We begin with an introduction to battery technology and then consider how nanoporous materials can improve battery performance. We first focus on a family of fast-charging materials known as pseudocapacitors. When conventional electrode materials are synthesized in nanoporous form, they can be used to produce batteries that charge much faster than those made with conventional bulk materials. This arises because of a very desirable combination of electrical connectivity throughout each porous grain, liquid electrolyte access to the interior of the material, and short solid-state ion diffusion lengths within the walls of the nanoporous network. In some materials, the nanoscale wall dimensions can also suppress intercalation-induced phase transitions, further improving kinetics. Nanoscale porosity can also help increase stability in other types of battery electrodes, particularly those that have large volume changes upon cycling.
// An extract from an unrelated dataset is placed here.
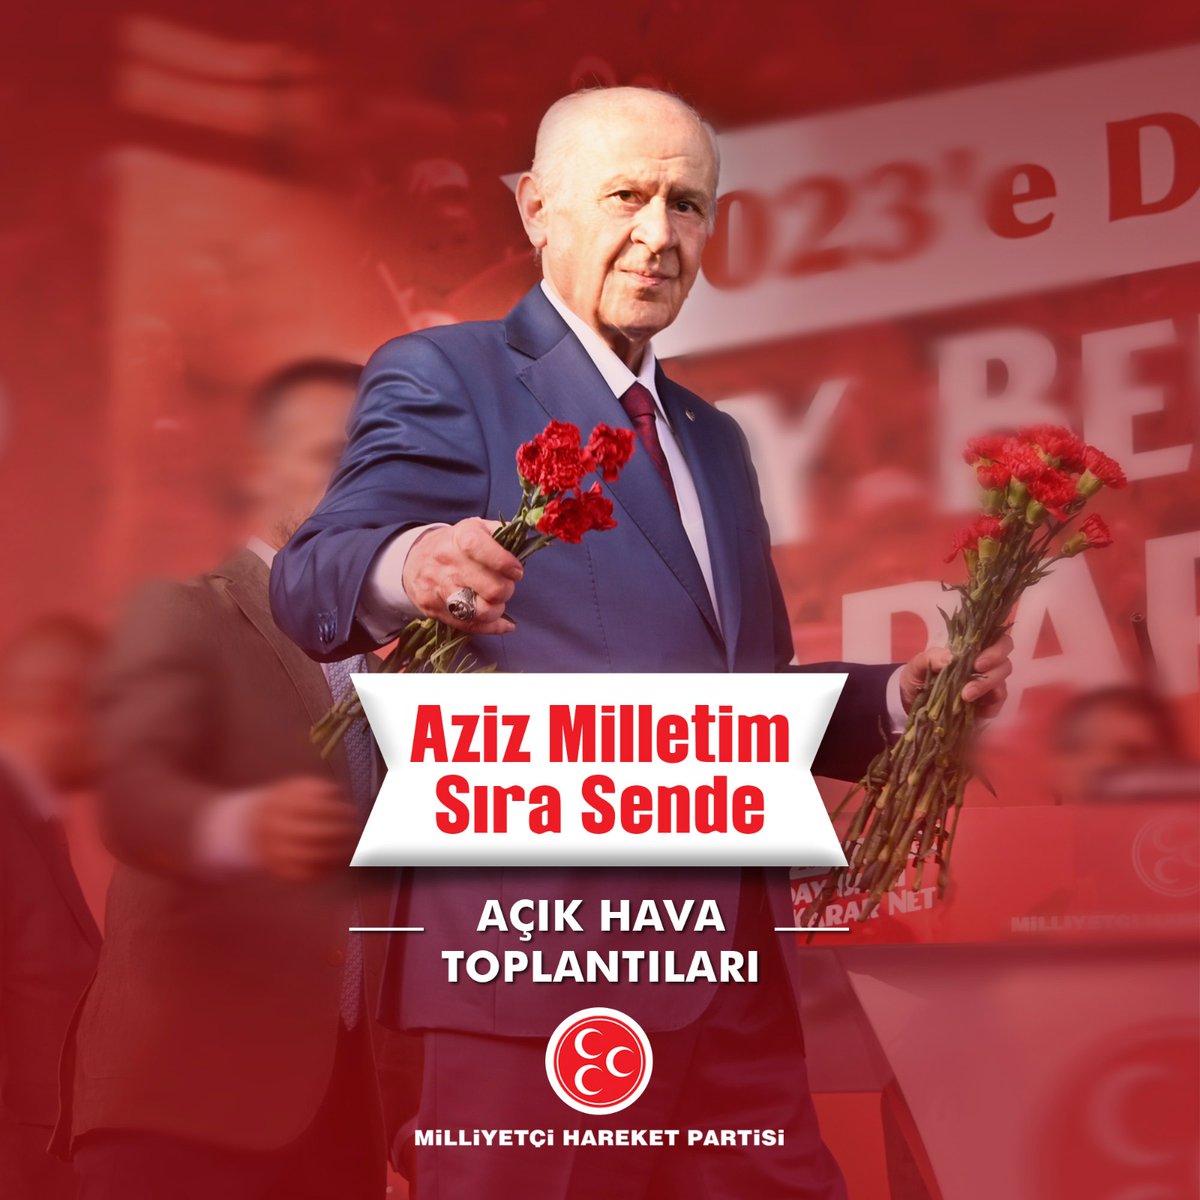 Cumhur İttifakı’na verilen her oy Türk ve Türkiye Yüzyılına destek, zalimlere tepki, teröristlere ceza, huzura davet, bereket ve güvenliğe çağrıdır. Nihayetinde ve nitekim 2023 seçimlerinde kullanacağımız ana sloganla sesleniyorum: “AZİZ MİLLETİM SIRA SENDE.”

Focusing on high-capacity alloy anodes, we show that nanoscale porosity can help mitigate structural degradation due to volume changes. Finally, we consider how porous materials can be used as insulation to improve building efficiency. Here we focus on both optically clear porous materials that can be used for window insulation, and on materials with strong infrared emission that can be used for passive daytime radiative cooling.

About the speaker:

Sarah H. Tolbert is a Distinguished Professor in the Departments of Chemistry and Biochemistry and Materials Science and Engineering at UCLA. Her research focuses on controlling nanometer-scale architecture in solution-processed nanomaterials to generate unique optical, electronic, magnetic, structural, and electrochemical properties. She has published over 200 scholarly research articles and has 20 patents focusing on electrochemical energy storage, organic electronics, nanomagnetics, nanoscale control of thermal conductivity, and new ultra-hard materials.

She also serves as the faculty director for a program aimed at bringing nano-concepts to schools, students, and the general public throughout the greater LA area. Professor Tolbert is the recipient of a number of awards including the American Chemical Society Henry H. Storch Award in Energy Chemistry, a Fellow of the Royal Society of Chemistry, an NSF Special Creativity Award, the ACS R.A. Glen Award, and the UCLA Diversity, Equity, and Inclusion Award. She directs the DOE Energy Frontier Research Center on Synthetic Control Across Length-scales for Advancing Rechargeables (SCALAR).